Sequence composition, completeness, and length are properties of the gene reference, and will therefore have the same impact on all samples that are mapped to that reference. However, these reference-specific properties will complicate intergene comparisons, including comparisons between different genes in the same species and orthologs in different species. These challenges apply to some of the most intuitively appealing investigations of the evolution of gene expression, such as the evolution of expression of a gene in a particular tissue across a phylogeny.
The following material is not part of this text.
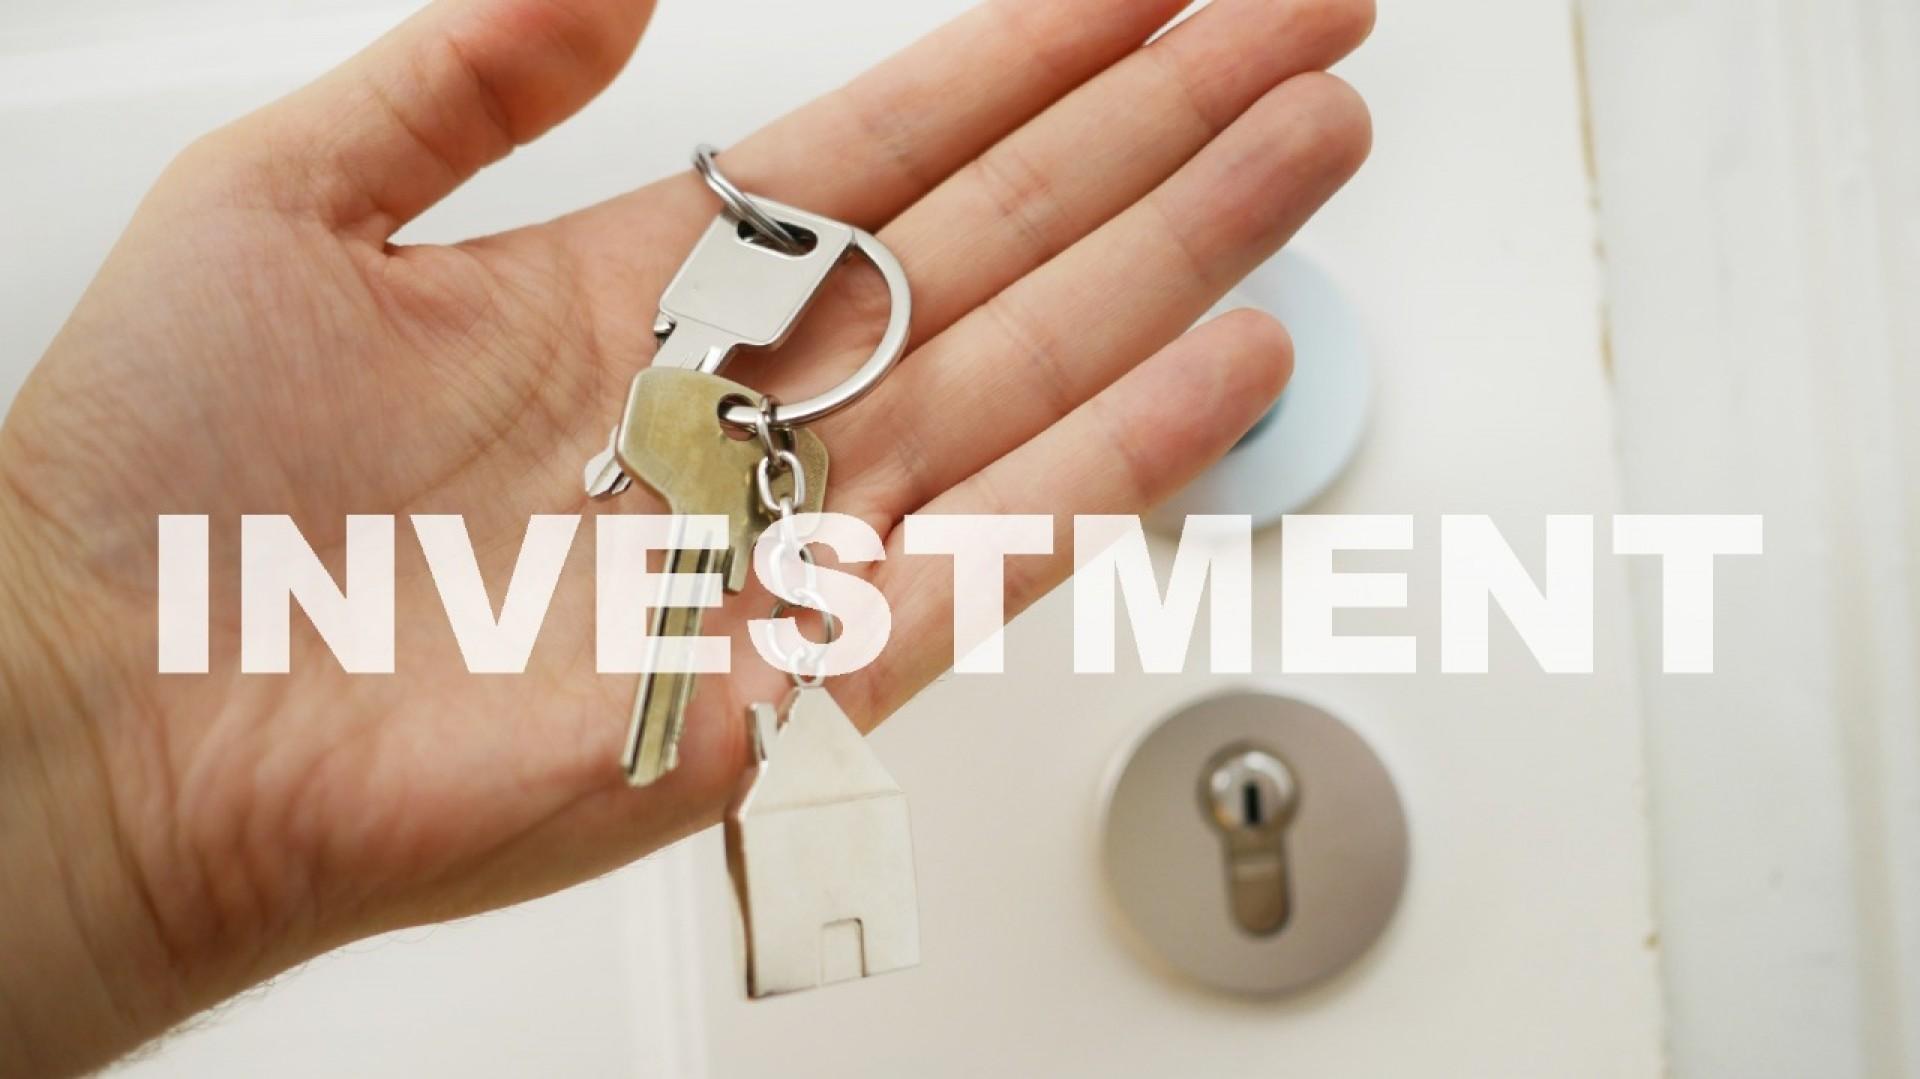 Aparkost Angkat Minat Investasi Para Investor

In addition to the tissues or treatments under consideration, gene expression is also a function of environmental factors and of the genotype of the sampled organisms 
. Because we collected three pairs of nectophore and gastrozooid samples from three specimens, we were able to take into account the impact of differences across samples as well as differences between tissues when assessing differential expression. These analyses indicate that expression was highly consistent across specimens. This is consistent with the very low common dispersion in expression for this study. These results also indicate consistent mRNA harvest and high technical reproducibility for each sequencing workflows.
The hybrid design employed here, wherein long-read data are used to generate reference sequences and short-read data are used to quantify gene expression, provides a cost-effective strategy for analyzing differential gene expression in non-model organisms. With growing interest in comparative and ecological functional genomics, such studies will be increasingly common.